** TASK STATEMENT **
With the images left out, print every entry that follows exactly.

** SUPPLIED MATERIAL **
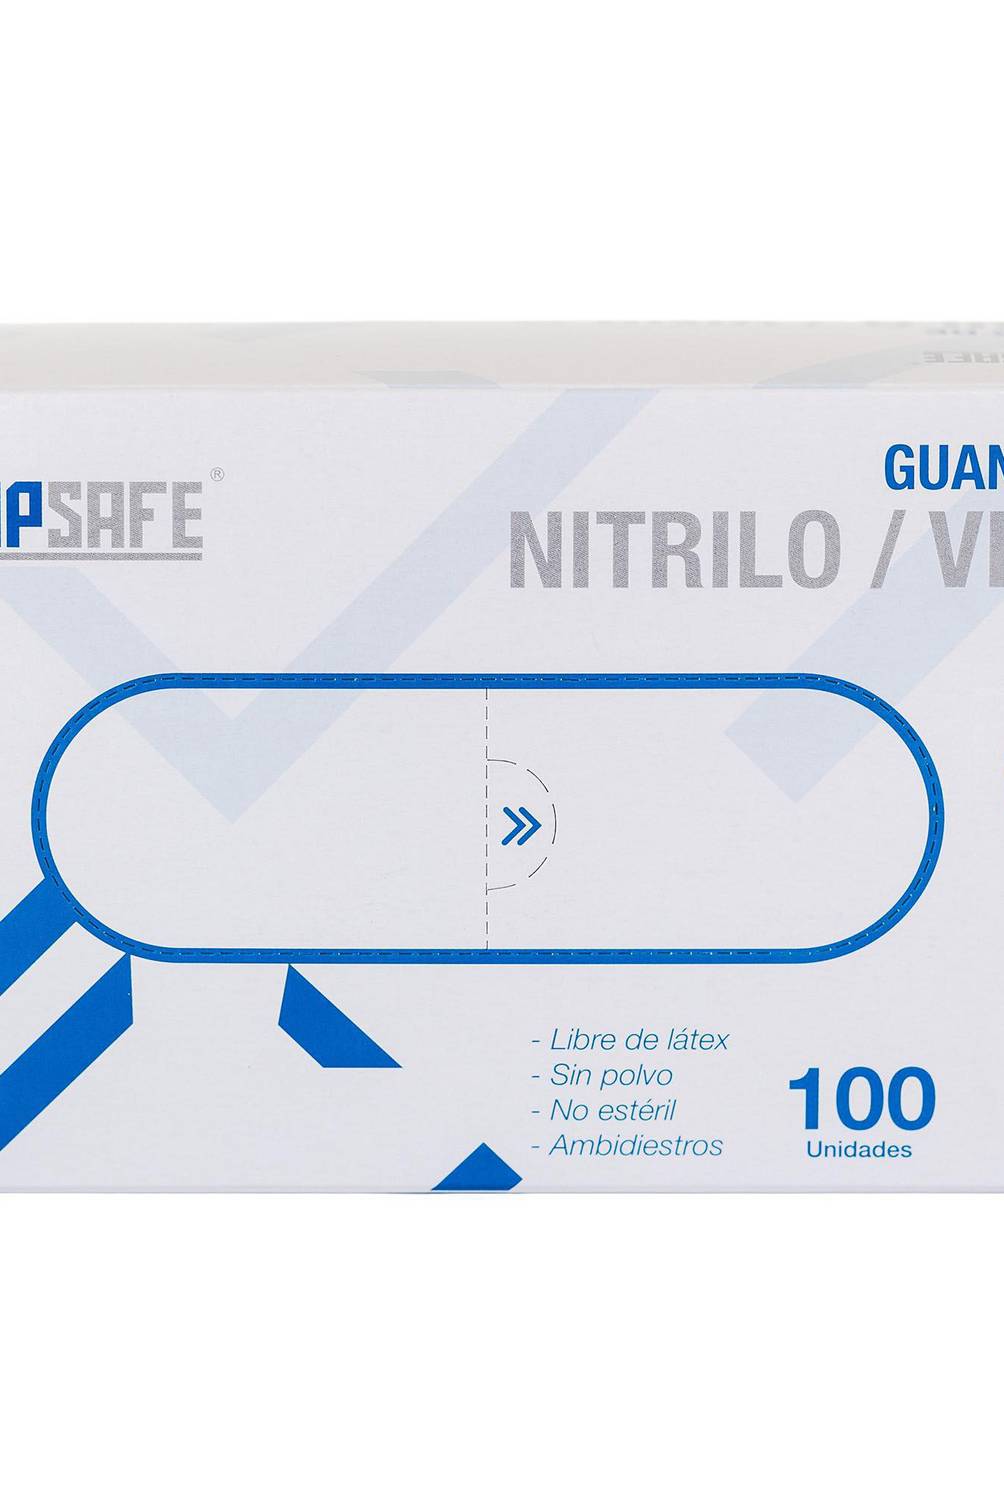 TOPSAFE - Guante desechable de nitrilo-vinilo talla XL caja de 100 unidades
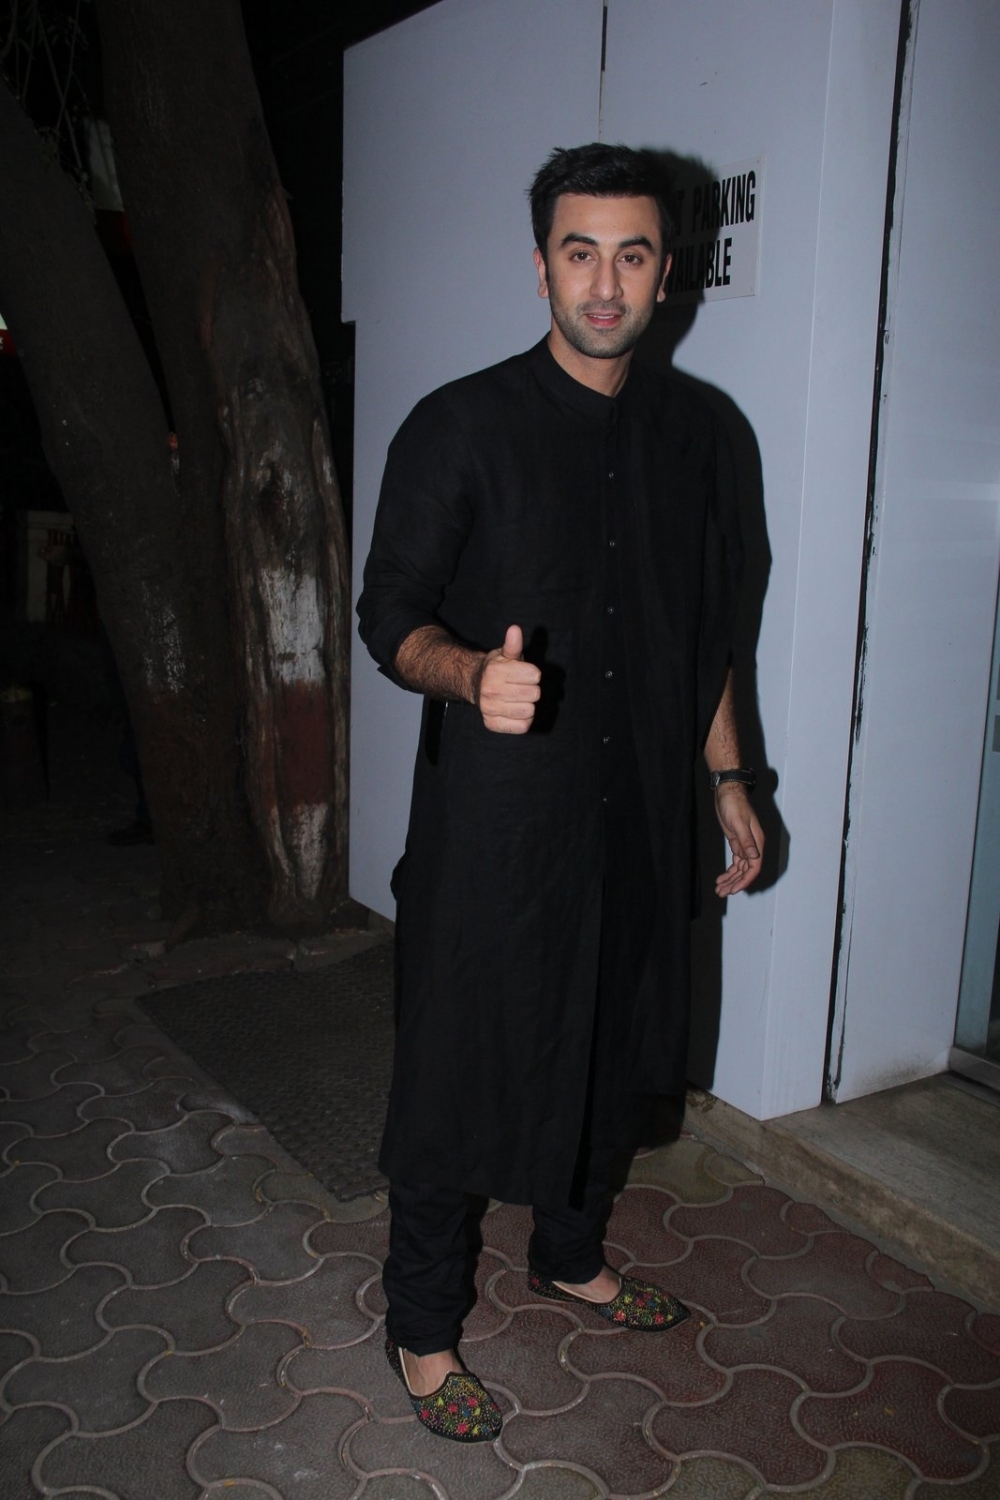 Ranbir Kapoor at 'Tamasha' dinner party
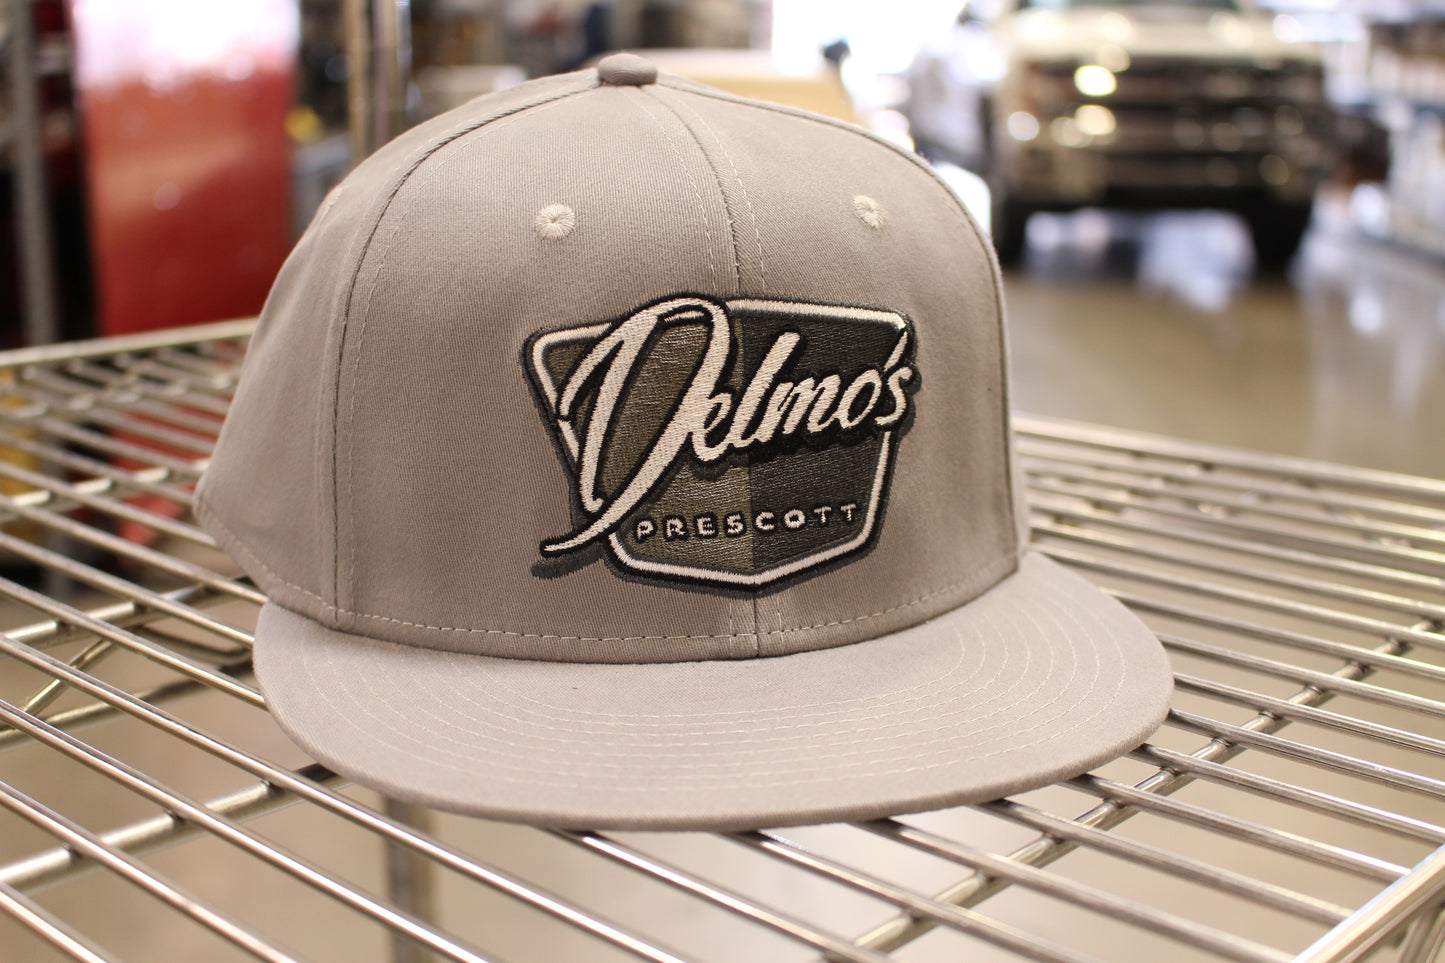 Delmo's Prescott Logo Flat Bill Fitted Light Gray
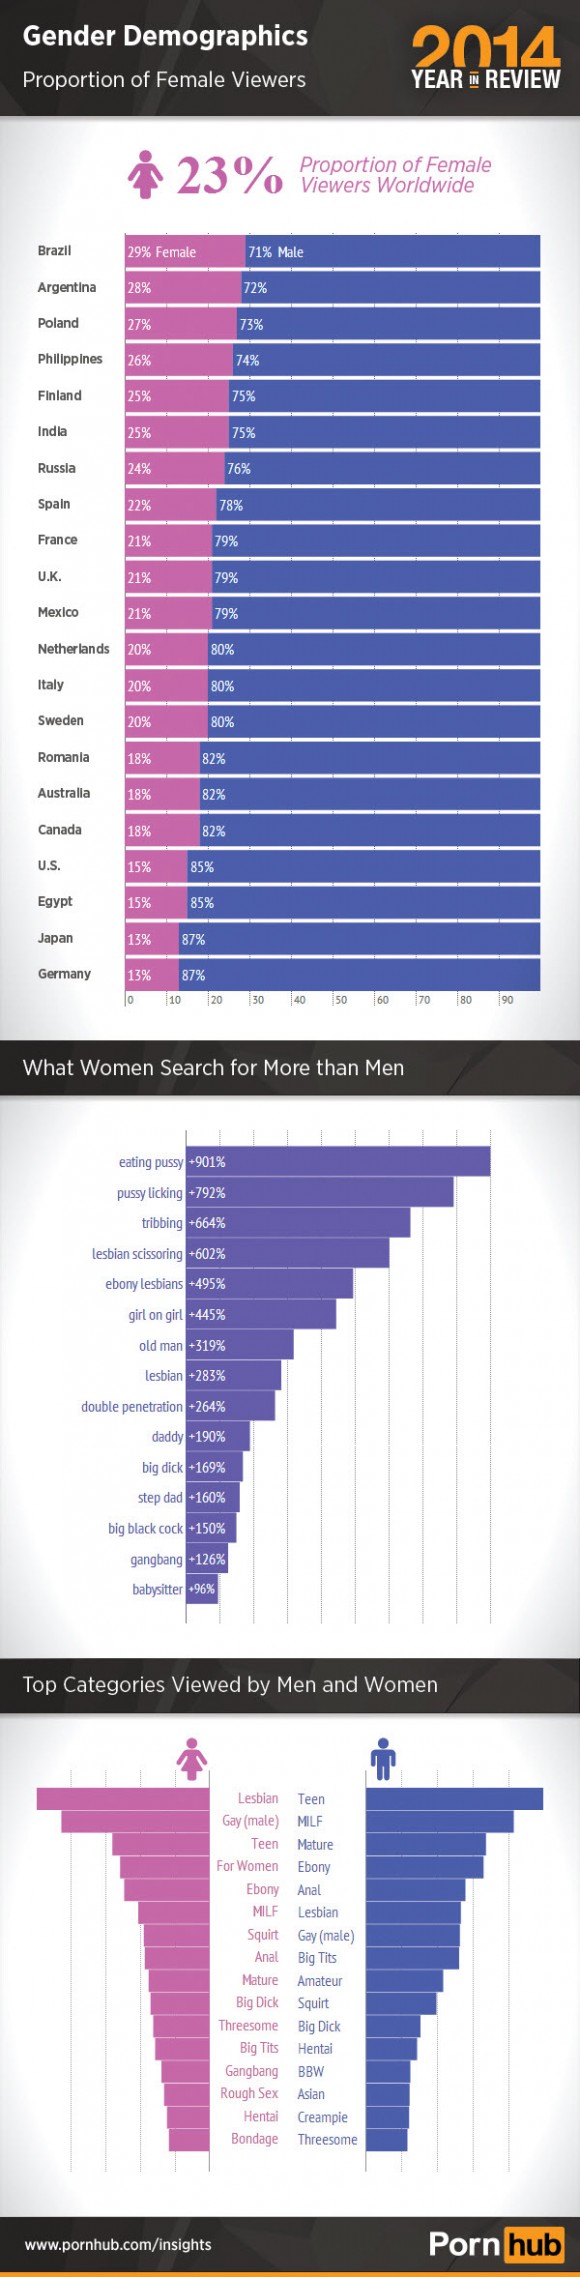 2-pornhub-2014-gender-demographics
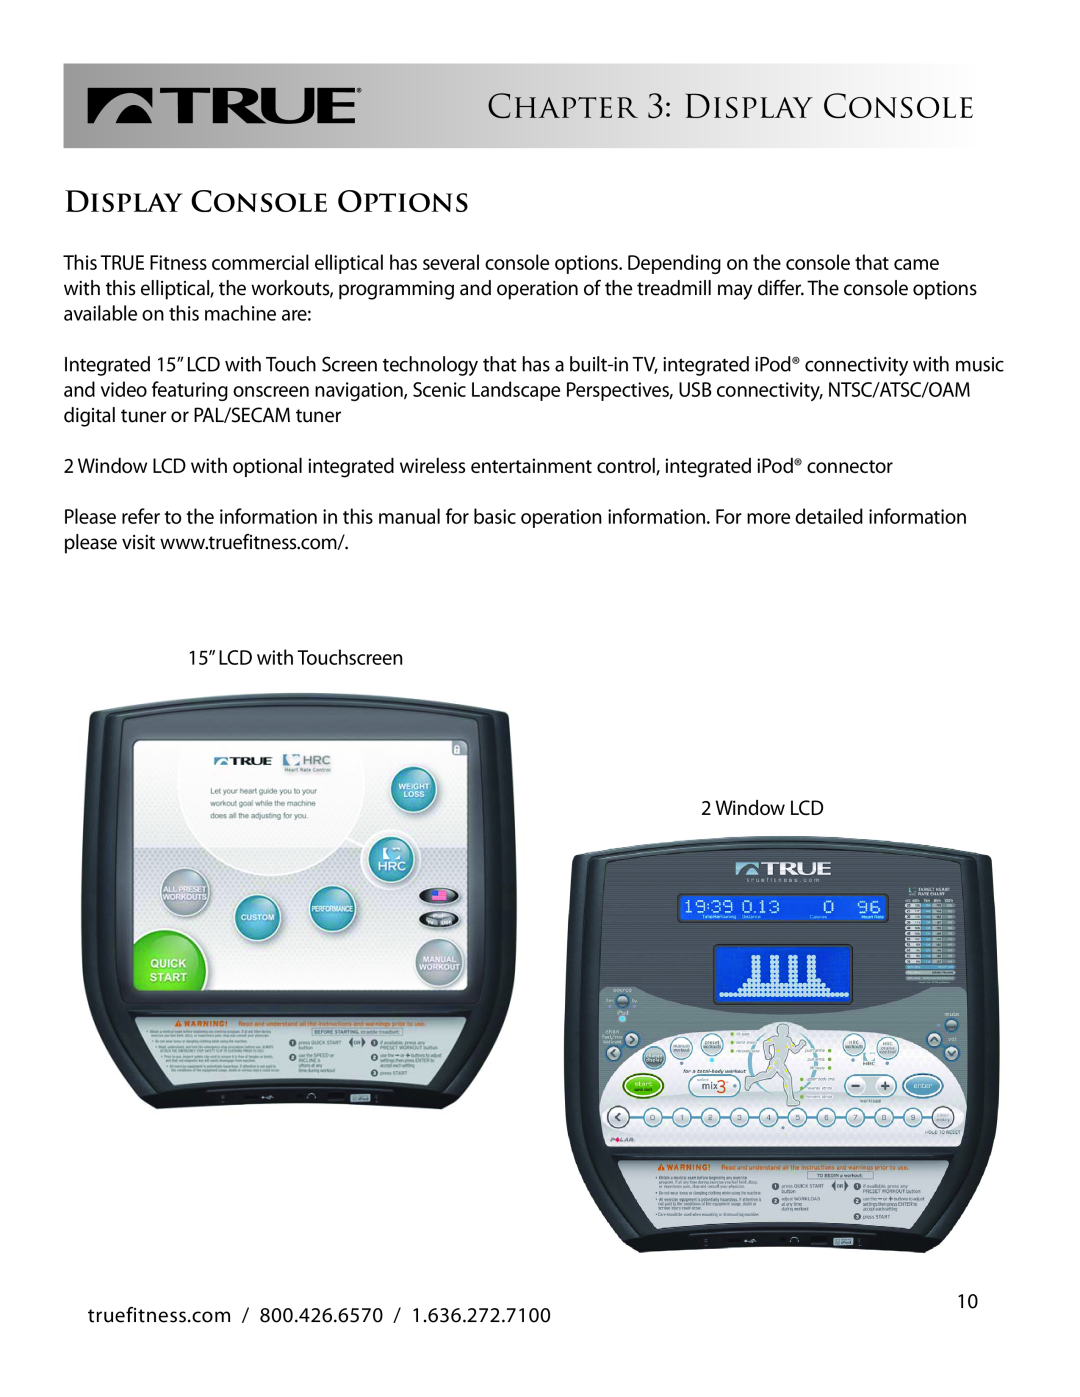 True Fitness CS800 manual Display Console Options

** ANSWER SECTION **
 TOPSAFE - Guante desechable de nitrilo-vinilo talla XL caja de 100 unidades
 Ranbir Kapoor at 'Tamasha' dinner party
 Delmo's Prescott Logo Flat Bill Fitted Light Gray
 2-pornhub-2014-gender-demographics
 True Fitness CS800 manual Display Console Options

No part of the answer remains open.